If a user-supplied function is specified in jacobian, the Jacobian is
computed analytically; otherwise, forward finite differences are used to
estimate the Jacobian numerically. In the latter case, the estimate of the
Jacobian may be so poor that the algorithm terminates at a noncritical
point. In such instances, the user should either supply a Jacobian function.
The first stopping criterion for nonlinearRegression occurs when SSE is
less than the absolute function tolerance. The second stopping criterion
occurs when the norm of the scaled gradient is less than the given gradient
tolerance. The third stopping criterion occurs when the scaled distance
between the last two steps is less than the step tolerance. The third
stopping criterion also generates error IMSLS_LITTLE_FCN_CHANGE. The
fourth stopping criterion occurs when the relative change in SSE is less
than sseRelEps. The fourth stopping criterion also generates error code
IMSLS_FALSE_CONVERGENCE. See Dennis and Schnabel (1983, pages 159−161,
278−280, and 347−348) for a discussion of stopping criteria and choice of
tolerances.
On some platforms, nonlinearRegression can evaluate the user-supplied
functions fcn and jacobian in parallel. This is done only if the
function ompOptions is called to flag user-defined
functions as thread-safe. A function is thread-safe if there are no
dependencies between calls. Such dependencies are usually the result of
writing to global or static variables.
Programming Notes¶
Nonlinear regression allows substantial flexibility over linear regression because the user can specify the functional form of the model. This added flexibility can cause unexpected convergence problems for users that are unaware of the limitations of the software. Also, in many cases, there are possible remedies that may not be immediately obvious. The following is a list of possible convergence problems and some remedies.
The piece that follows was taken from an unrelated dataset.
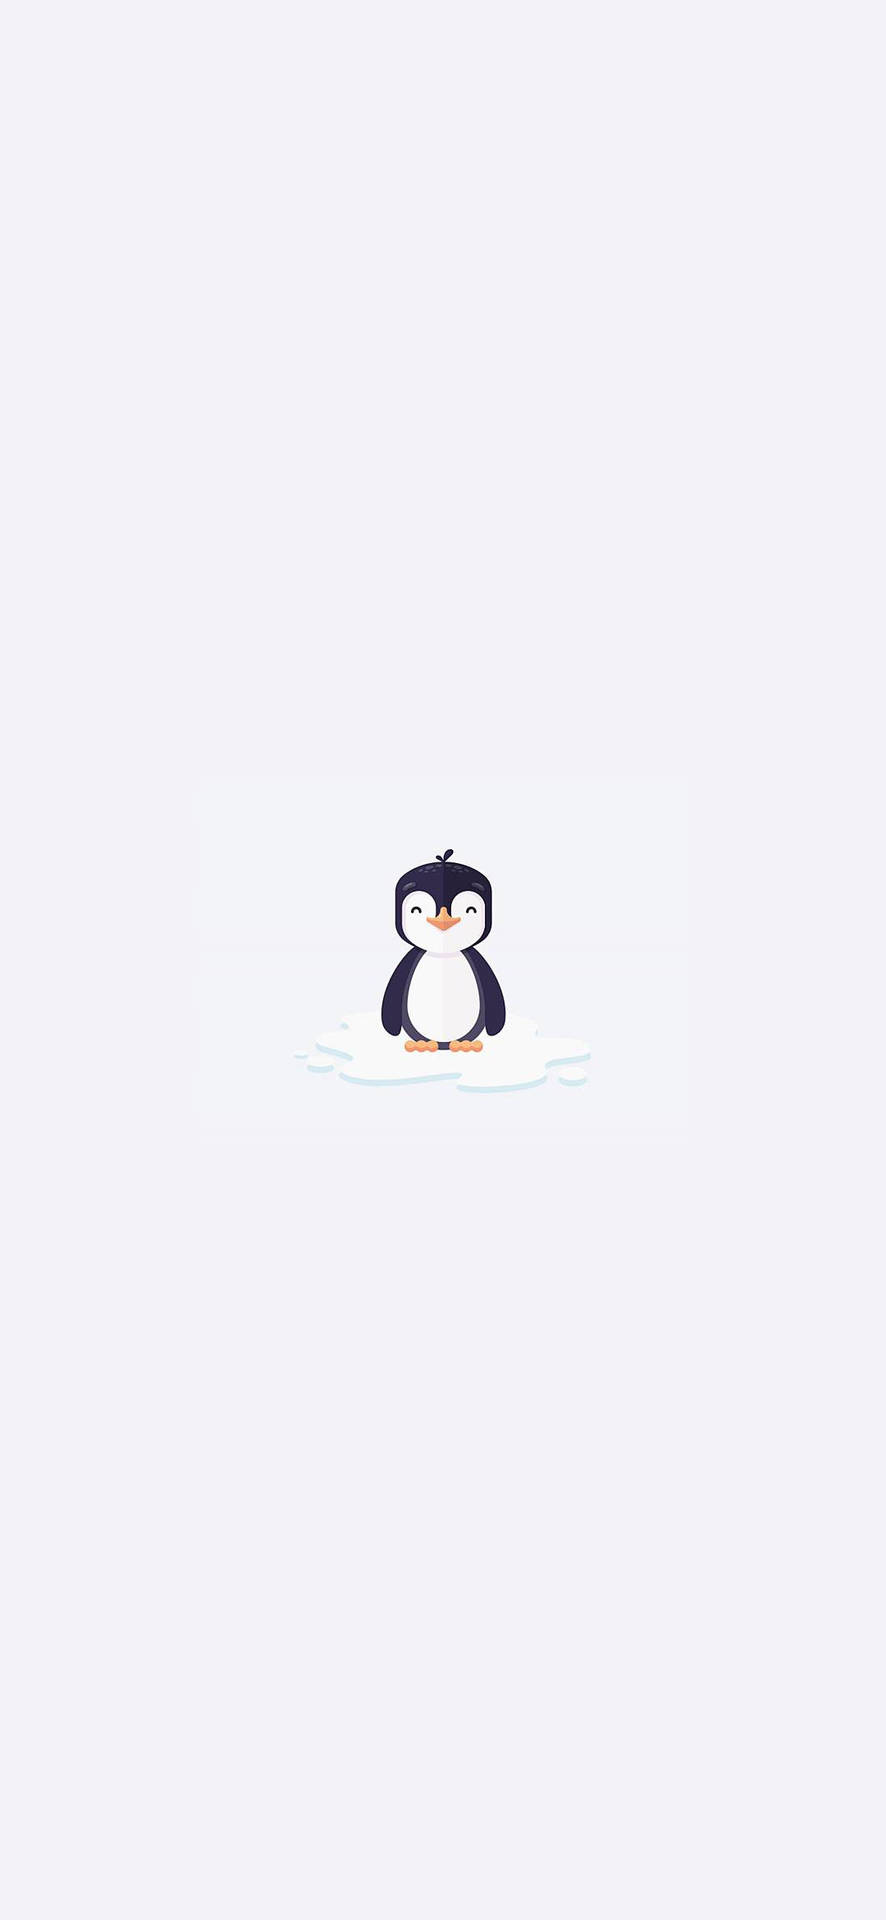 White Adorable Penguin Iphone Background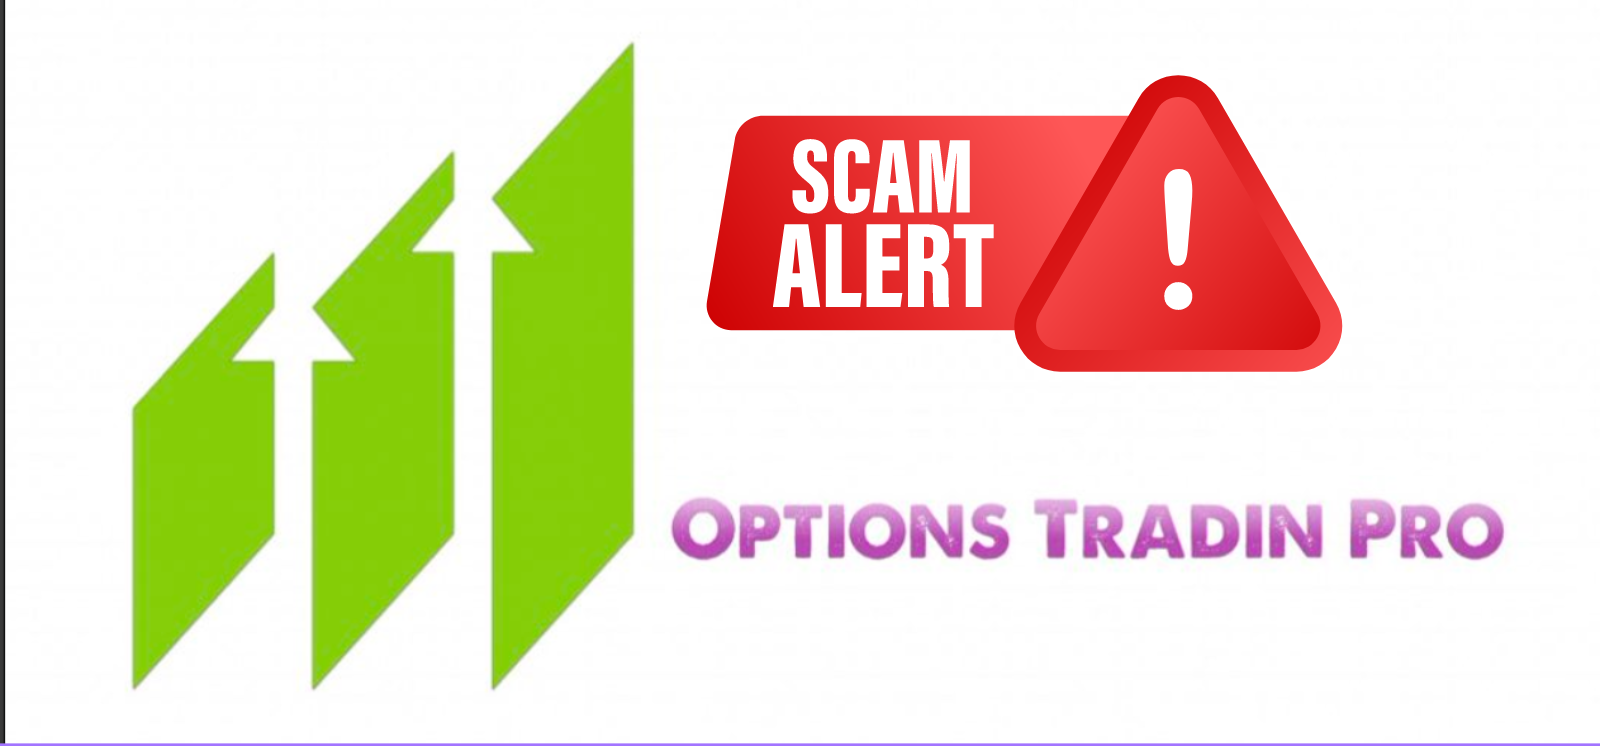 ay Options Trading Pro A Scam

There is not a one-to-one correspondence between the problems and the remedies. Remedies for some problems also may be relevant for the other problems.
A local minimum is found. Try a different starting value. Good starting values often can be obtained by fitting simpler models. For example, for a nonlinear function.
\[f(x;\theta) = \theta_1 e^{\theta_2 x}\]good starting values can be obtained from the estimated linear regression coefficients
\[\hat{\beta}_0\]and
\[\hat{\beta}_1\]from a simple linear regression of ln y on ln x. The starting values for the nonlinear regression in this case would be
\[\theta_1 = e^{\hat{\beta}_0} \text{ and } \theta_2 = \hat{\beta}_1\]If an approximate linear model is not clear, then simplify the model by reducing the number of nonlinear regression parameters. For example, some nonlinear parameters for which good starting values are known could be set to these values in order to simplify the model for computing starting values for the remaining parameters.
The estimate of θ is incorrectly returned as the same or very close to the initial estimate. This occurs often because of poor scaling of the problem, which might result in the residual sum of squares being either very large or very small relative to the precision of the computer. The optional arguments allow control of the scaling.
The model is discontinuous as a function of θ. (The function f(x;θ) can be a discontinuous function of x.)
Overflow occurs during the computations. Make sure the user-supplied functions do not overflow at some value of θ.
The estimate of θ is going to infinity. A parameterization of the problem in terms of reciprocals may help.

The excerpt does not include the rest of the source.